▶ [Work order] A faithful copy of the listing below is needed, one that contains no pictures.

▶ [Dataset excerpt]

◇ ◇ ◇ ◇

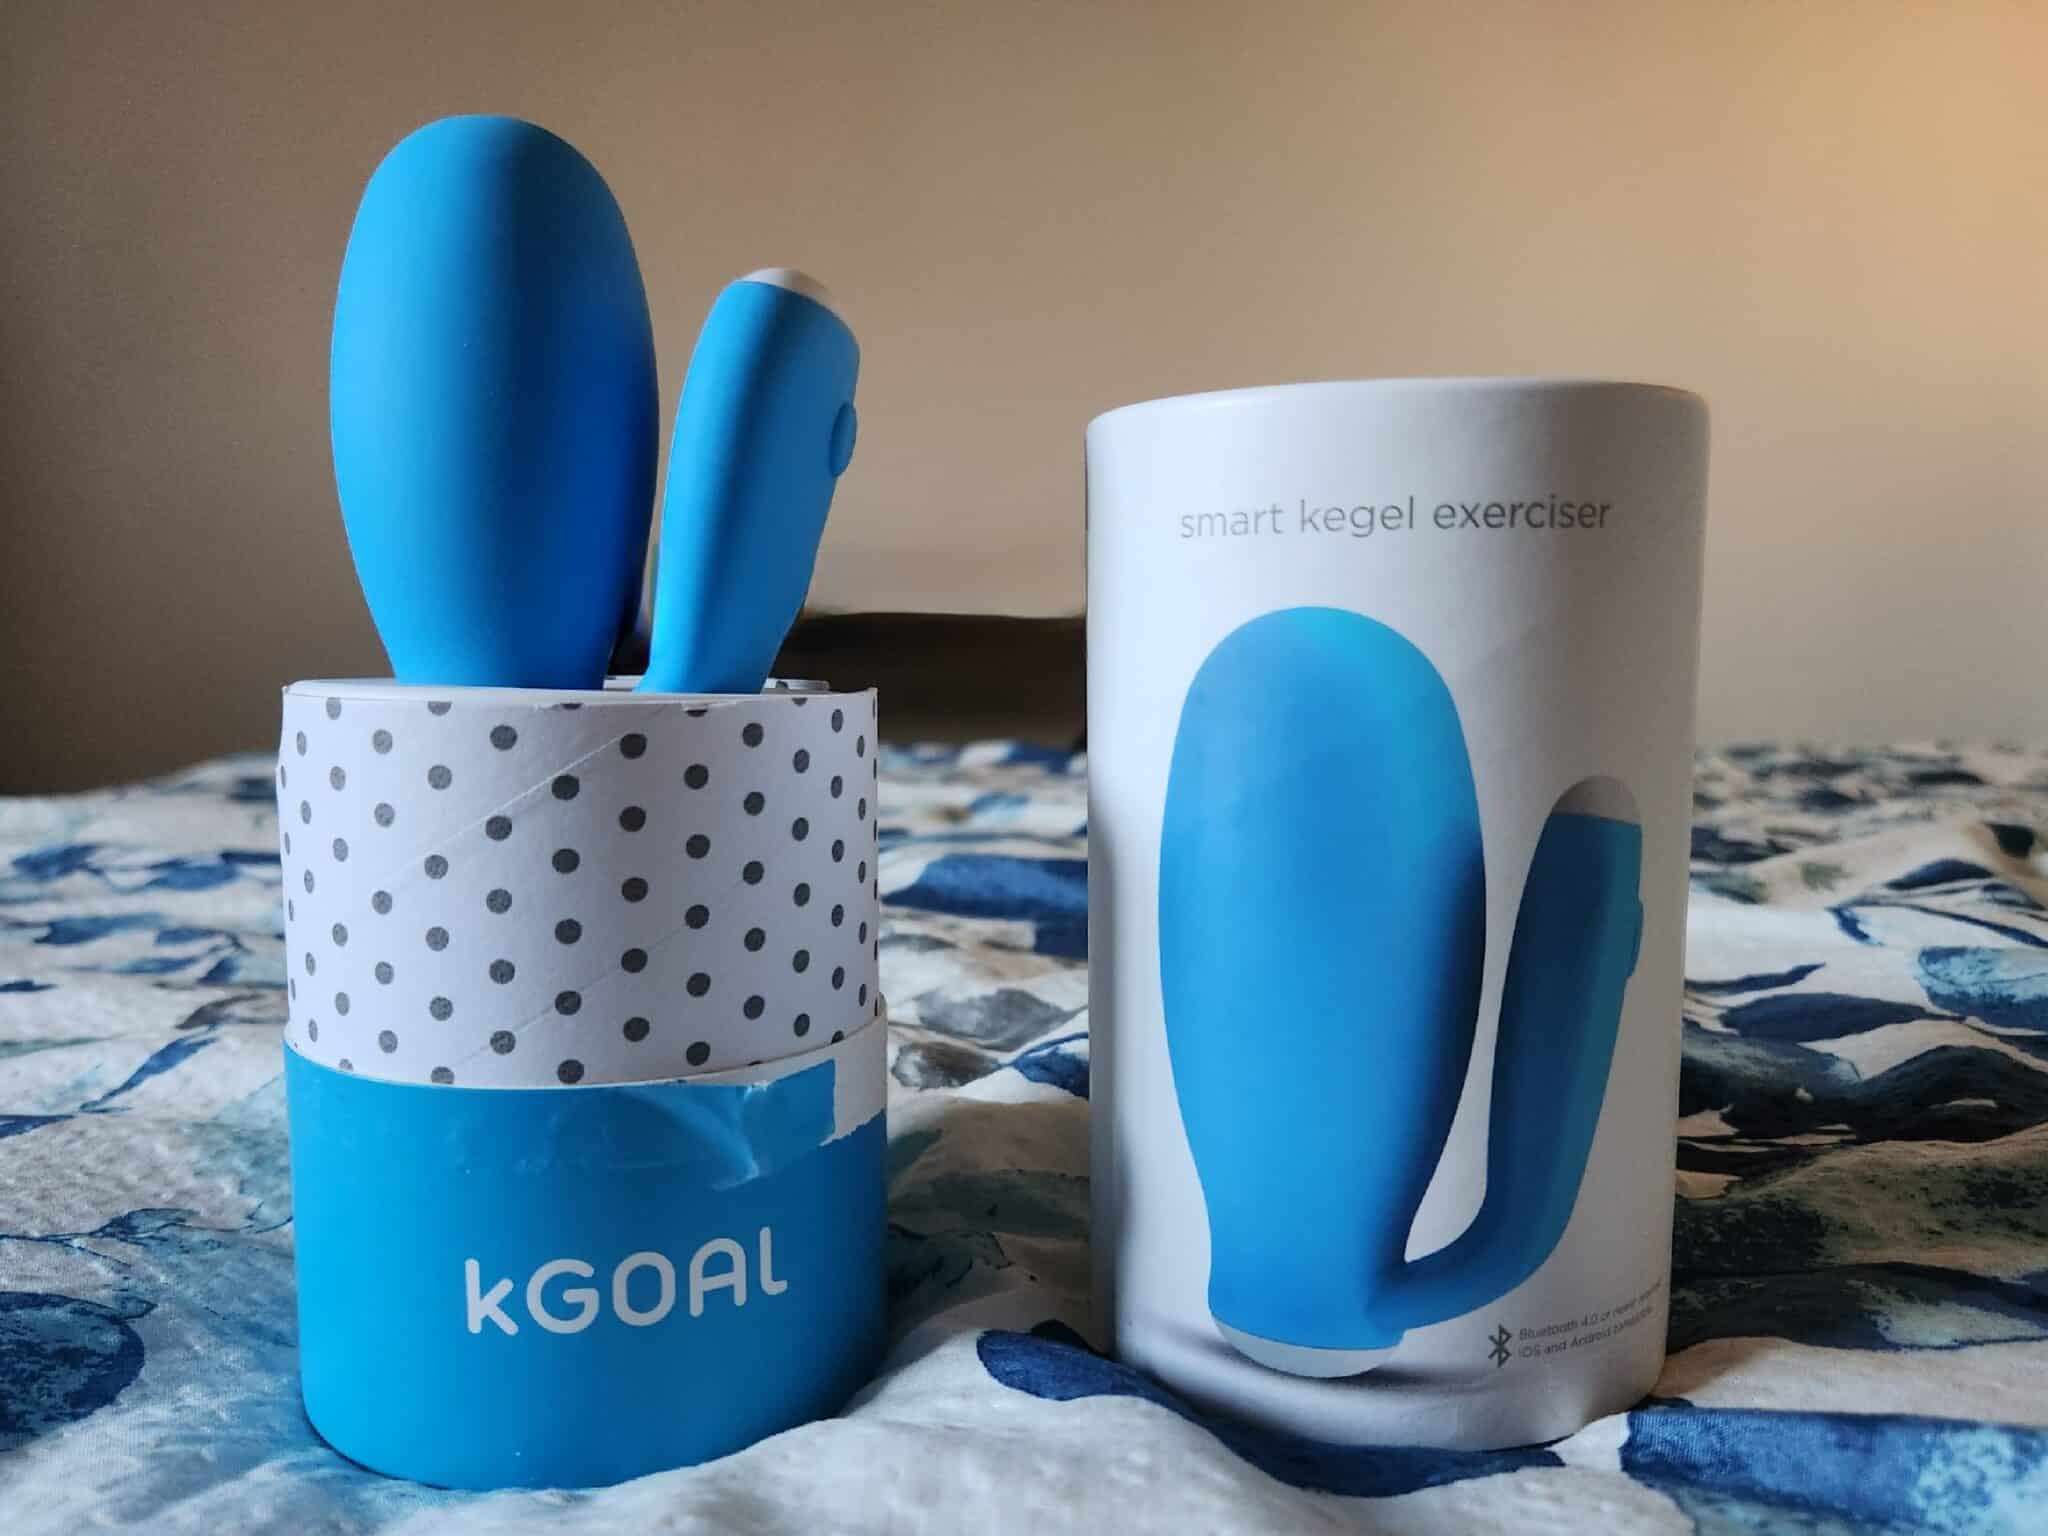 kGoal Classic  Smart Kegel Exerciser and App For Women
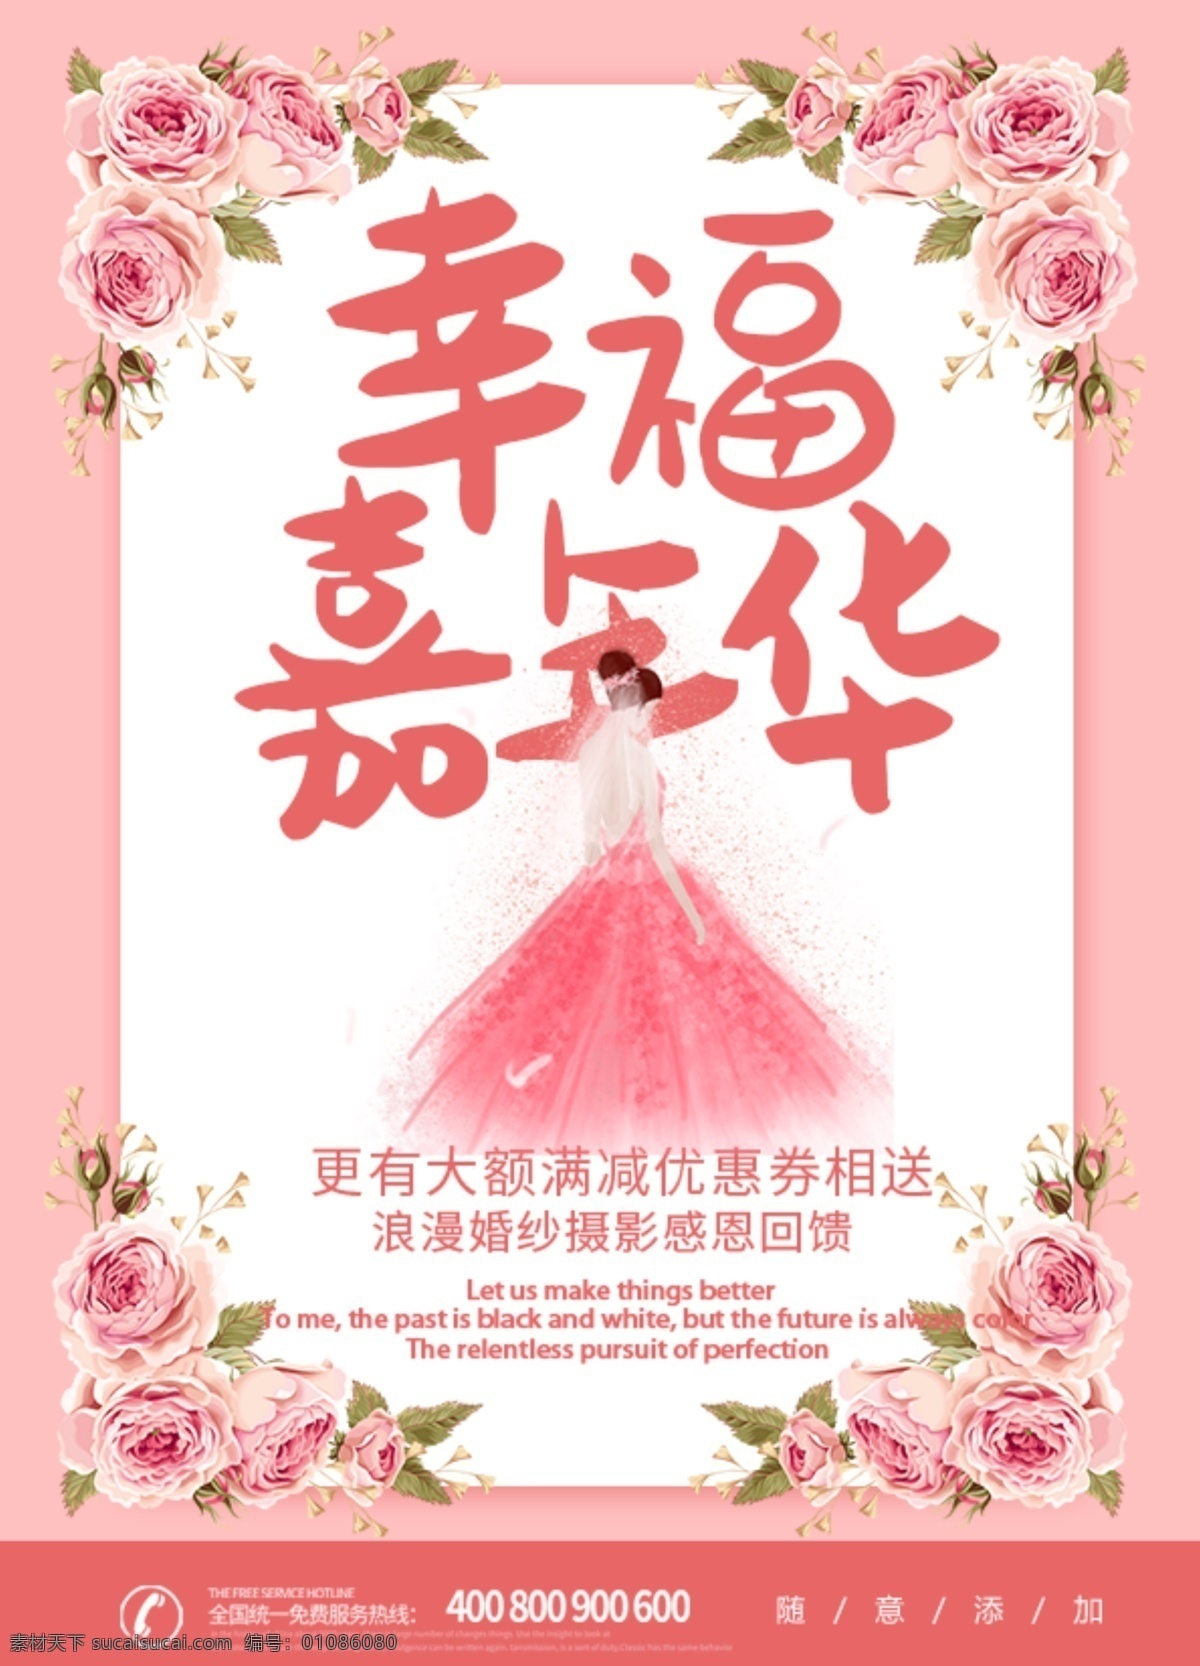 粉色 花朵 唯美 浪漫婚礼 宣传单 dm 浪漫 婚礼
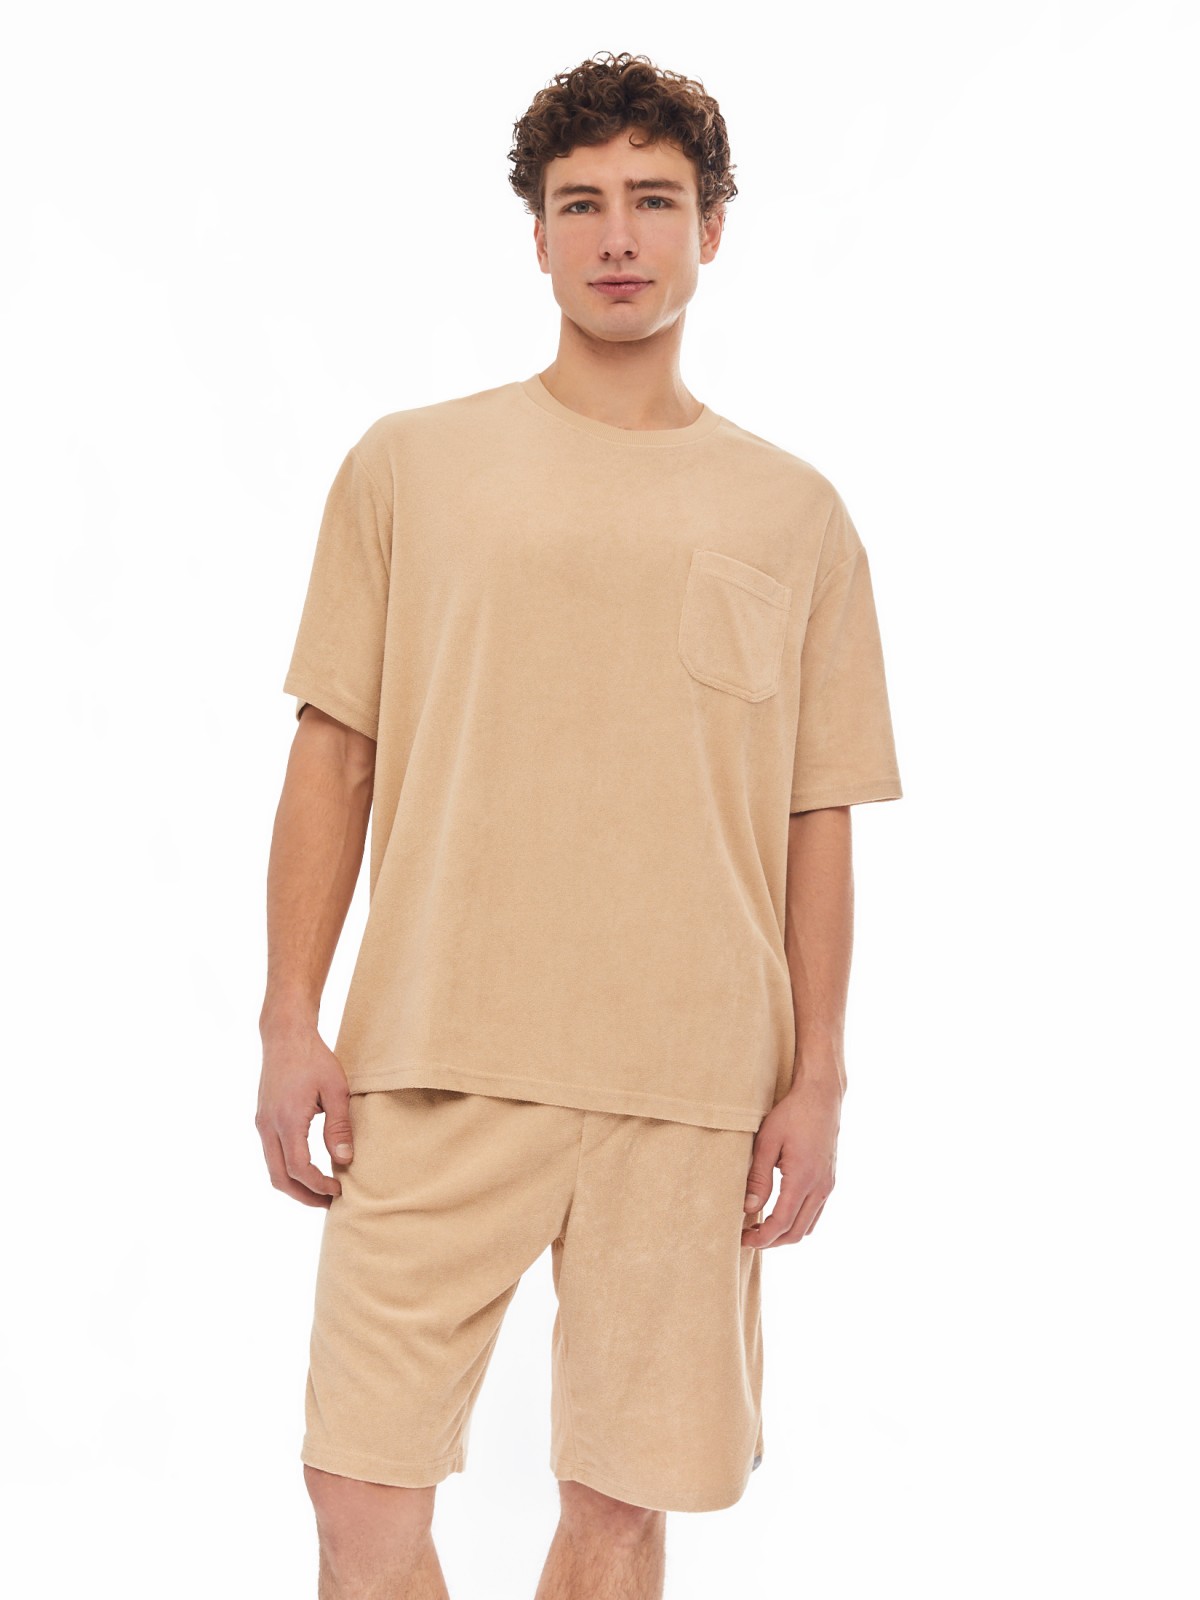 Домашний махровый комплект (футболка, шорты) zolla 614138759031, цвет бежевый, размер S
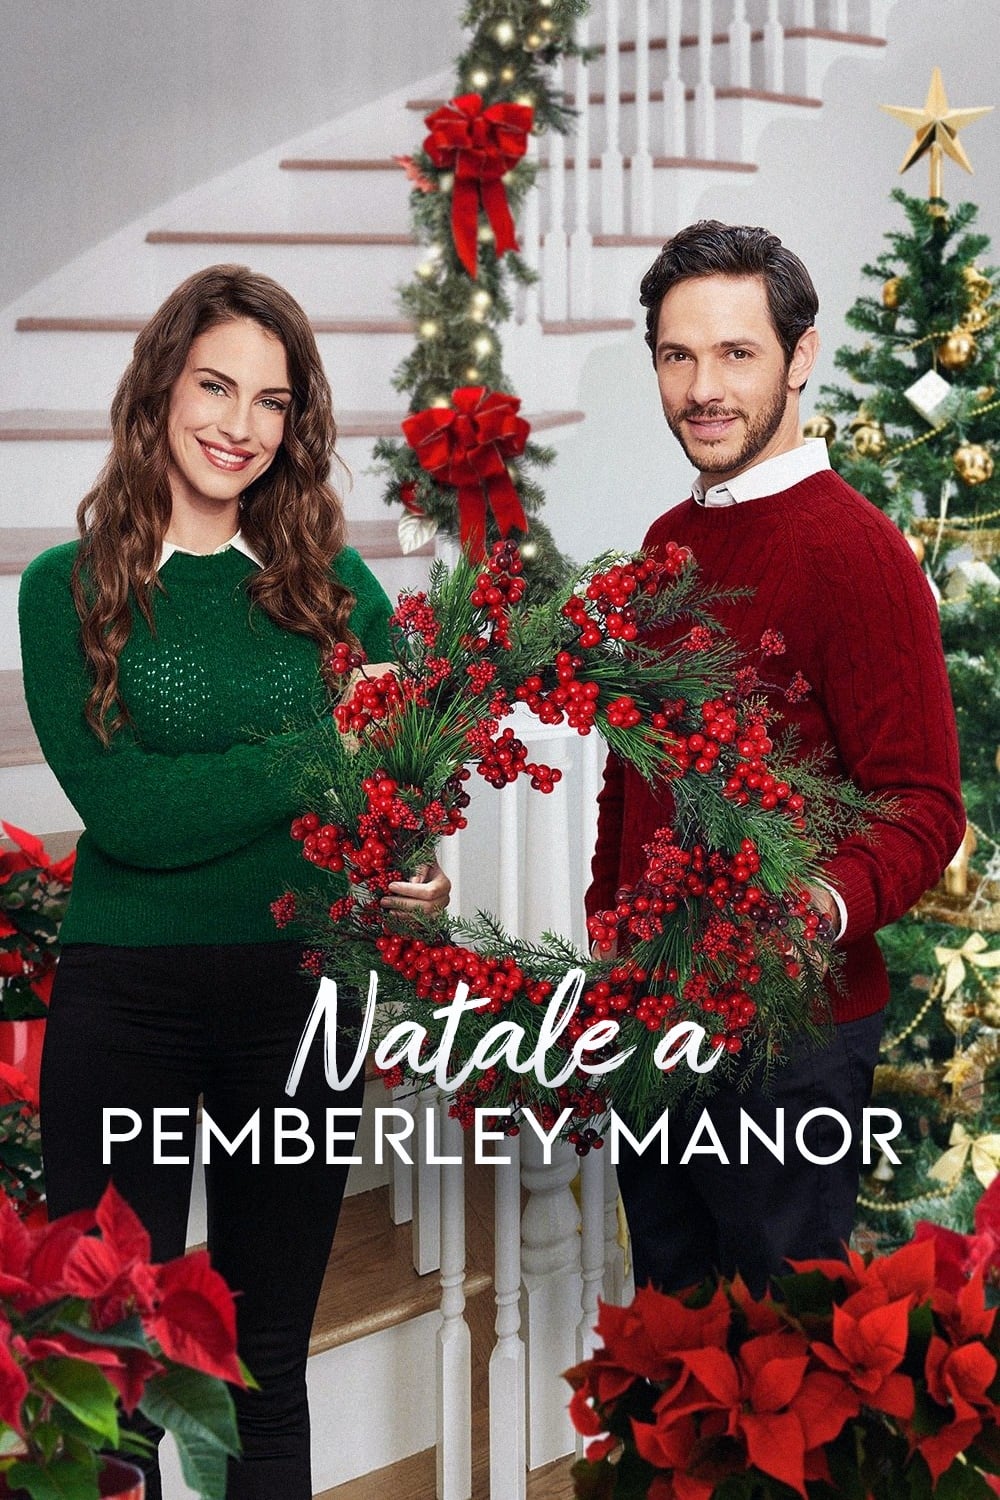 Christmas at Pemberley Manor

◇ ◇ ◇ ◇

▶ [Task output]
 kGoal Classic  Smart Kegel Exerciser and App For Women
 粉色 花朵 唯美 浪漫婚礼 宣传单 dm 浪漫 婚礼
 Домашний махровый комплект (футболка, шорты) zolla 614138759031, цвет бежевый, размер S
 Christmas at Pemberley Manor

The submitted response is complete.